Frente a este modelo, Irán mantiene una aproximación distinta. Sus relaciones con Estados del Cuerno de África se han articulado históricamente en torno a cooperación militar y económica dentro de marcos estatales existentes, evitando la creación o apoyo a entidades secesionistas como Somalilandia. Su presencia naval en el Mar Rojo y el golfo de Adén responde a la protección de rutas propias y de aliados, no a la construcción de enclaves de control.
Más allá del Cuerno de África, el eje Emiratos-Israel identifica en Turquía un rival estructural. Turquía no es simplemente otro actor regional. Es una potencia con capacidad militar autónoma, legitimidad política interna y una política exterior que no se integra plenamente en las arquitecturas occidentales o golfistas.
Su presencia introduce fricción en cualquier intento de reorganizar la región en espacios completamente controlables. En Siria, la presencia militar turca limita la consolidación de un orden homogéneo. En el Mediterráneo oriental, su política energética y naval desafía proyectos de exclusión diseñados por Israel y Emiratos. En el Cuerno de África, su influencia ofrece alternativas a los modelos de externalización portuaria.
La relación entre Irán y Turquía es simultáneamente competitiva y funcional. Compiten en Siria y el Cáucaso, pero coinciden en la resistencia a una estructura regional completamente hegemonizada por actores externos.
Fragilidad del poder externalizado y centralidad estructural de Irán
La alineación de Abu Dabi con Israel responde a una ambición estratégica clara: reposicionar a los Emiratos como centro de gravedad económico, político y logístico del mundo árabe. Sin embargo, esta ambición descansa sobre una base estructural frágil.
El modelo emiratí externaliza seguridad, tecnología y capacidad de intervención. Esto le otorga alcance, pero reduce autonomía. Su posición depende de infraestructuras, inteligencia y respaldo militar que no controla completamente. La expansión del poder se acompaña de una dependencia creciente.
Las intervenciones en Yemen, Sudán, Siria y el Cuerno de África no han producido estabilidad, sino configuraciones fragmentadas que requieren gestión constante. Son sistemas funcionales, pero no autosostenibles.
En este contexto, Irán opera como el único actor regional que ha mantenido una política de soberanía activa frente a la hegemonía occidental sin recurrir a la externalización de su seguridad. Su modelo se basa en la construcción de alianzas con actores estatales y no estatales que preservan capacidad militar propia y margen de decisión estratégico.
No se trata de idealizar su papel ni de ignorar su capacidad de influencia.

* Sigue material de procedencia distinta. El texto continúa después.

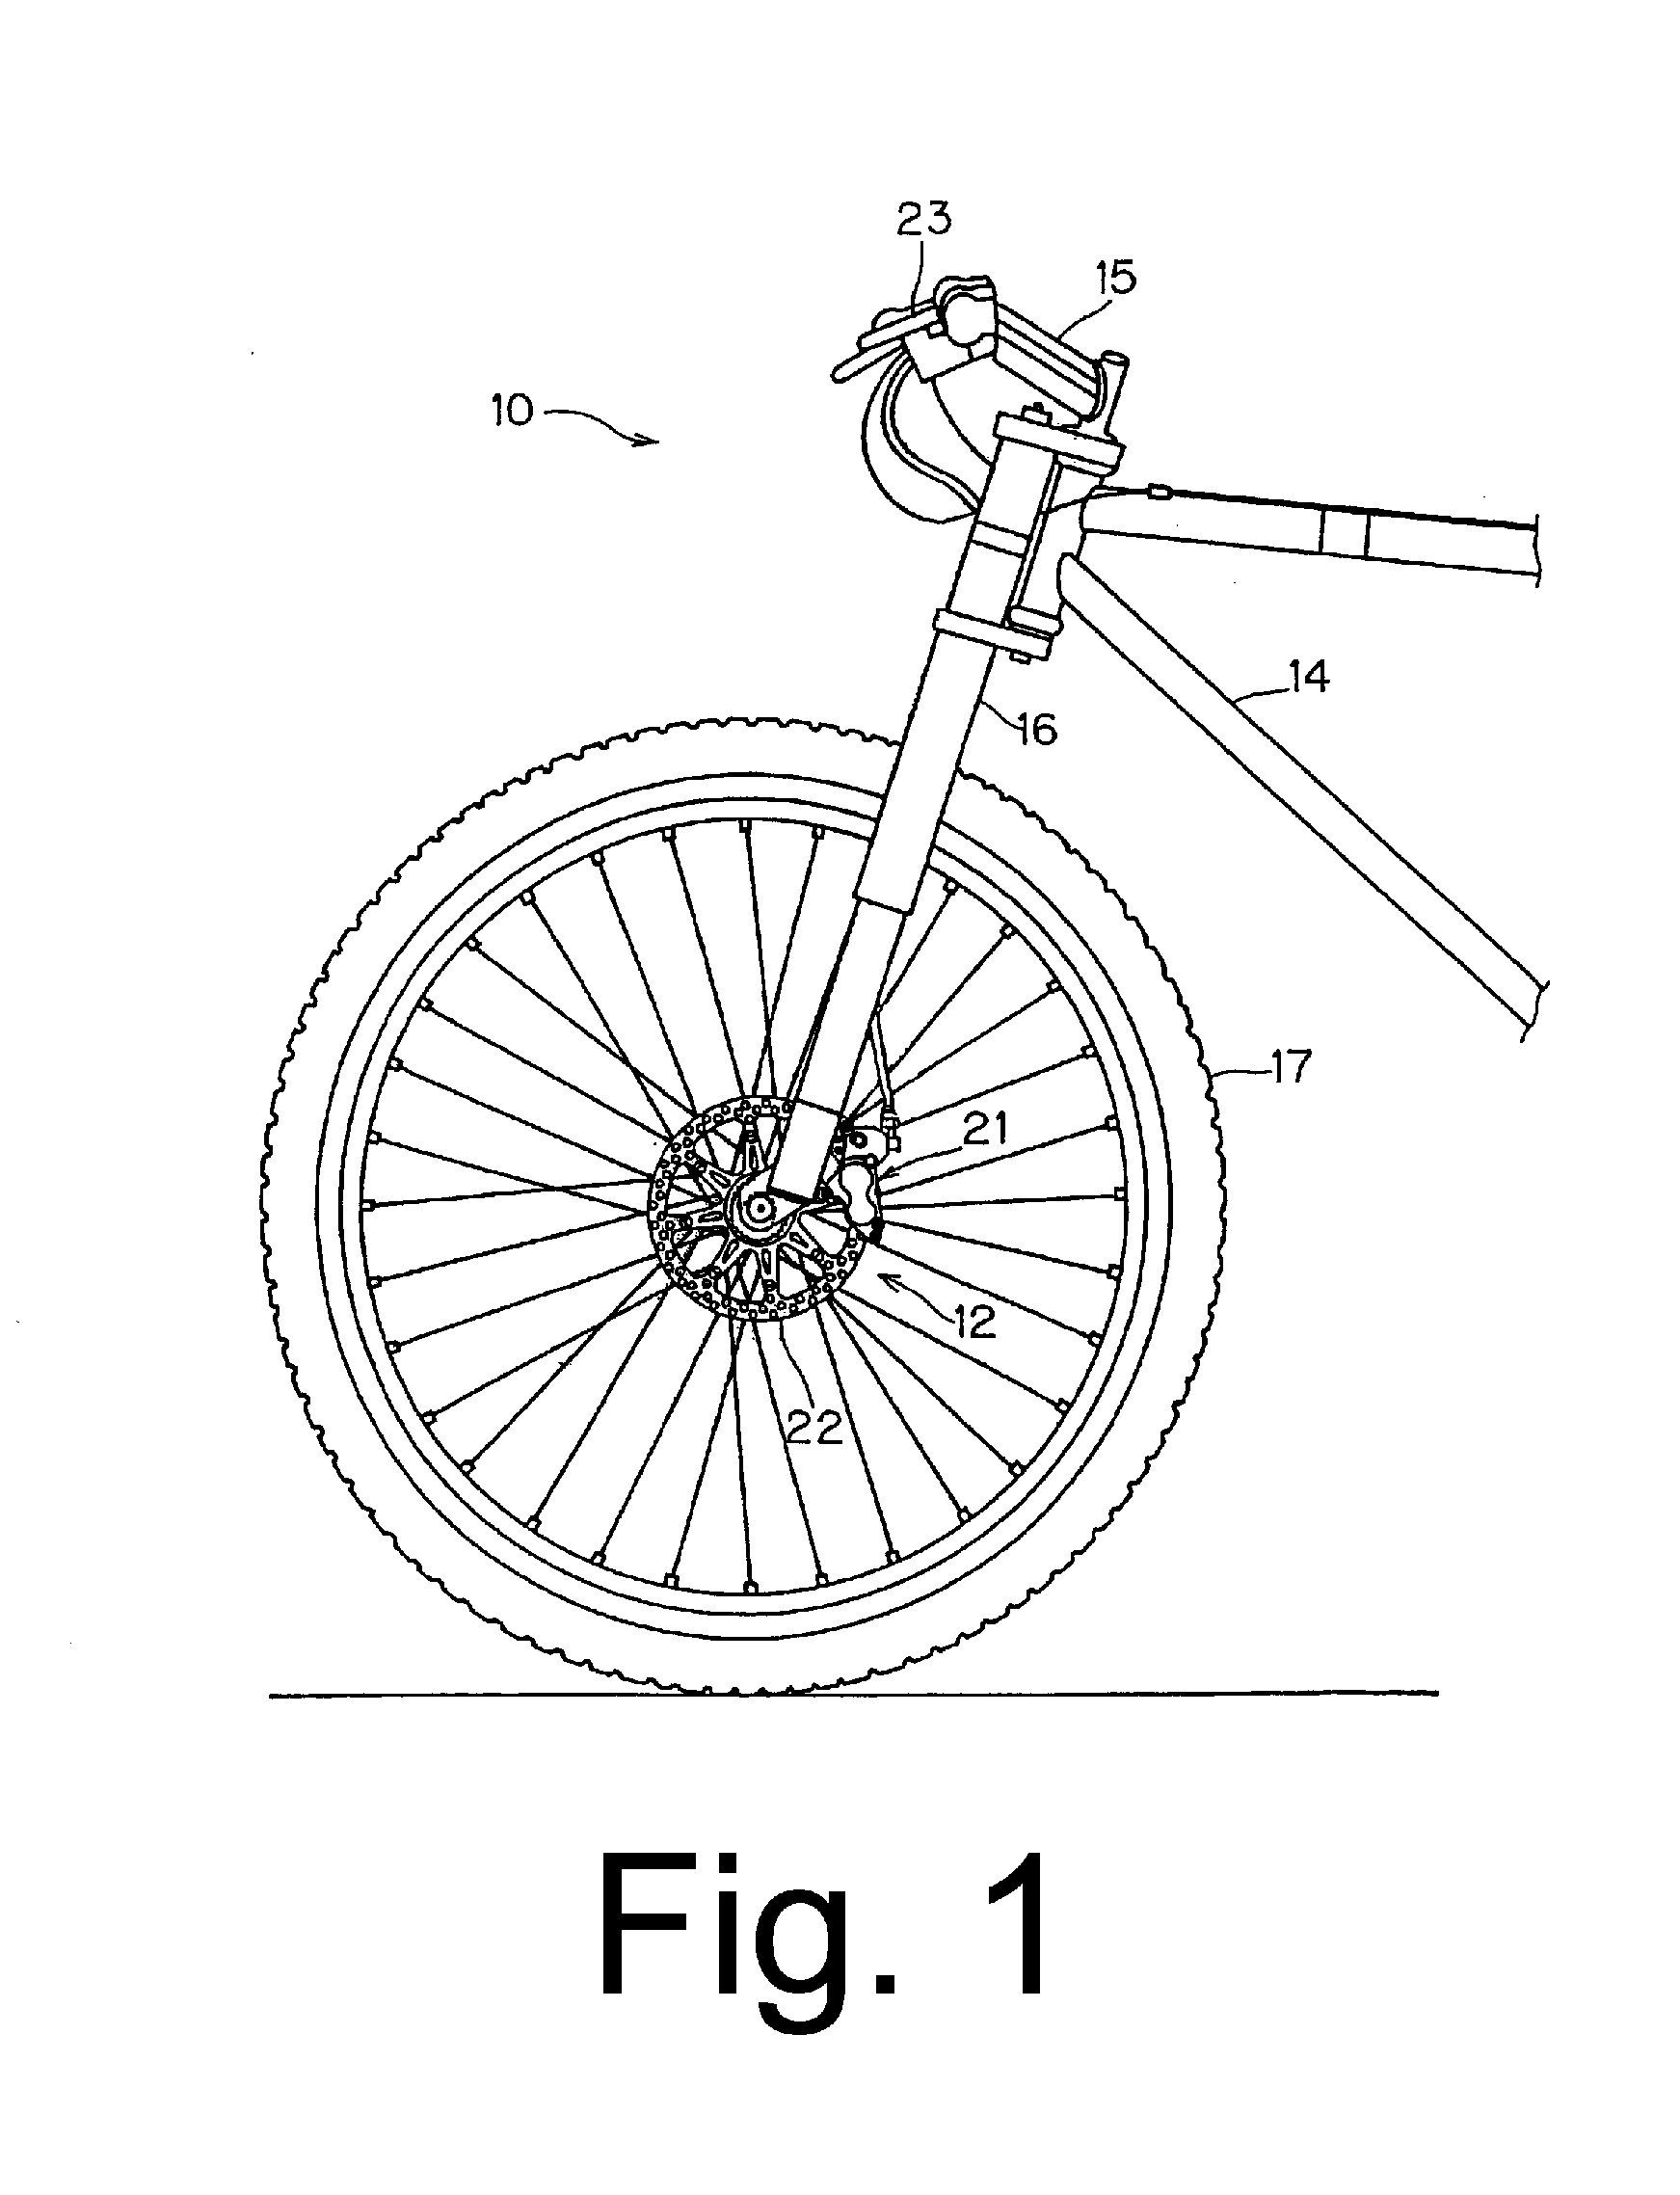 Bicycle disk brake pad with titanium fiber friction material

Irán actúa dentro del sistema regional con objetivos claros de poder. Pero existe una diferencia estructural entre un modelo basado en la creación de corredores de dependencia y otro basado en la construcción de capacidades de disuasión autónoma.
Mientras el eje Emiratos-Israel organiza la región en torno a infraestructuras controladas externamente, Irán articula una red de actores capaces de resistir presiones militares y políticas sin disolverse en sistemas de gestión externa.
El resultado es una asimetría fundamental. El poder externalizado puede expandirse rápidamente, pero gadepende de condiciones que no controla. El poder basado en disuasión distribuida avanza de forma más lenta, pero introduce inestabilidad estructural en cualquier intento de consolidación hegemónica.
Oriente Medio no evoluciona hacia un orden estable, sino hacia la coexistencia de sistemas incompletos de poder. En ese espacio, Irán no es una anomalía, sino un elemento estructural del sistema regional. Y su centralidad no deriva de narrativa ideológica, sino de su capacidad para impedir la clausura del sistema bajo una única arquitectura de control.
El eje Emiratos-Israel ha ampliado su influencia material. Pero no ha eliminado las condiciones que producen fricción. Y en ese espacio de fricción persistente, Irán opera no como periferia, sino como punto de anclaje estructural del equilibrio regional.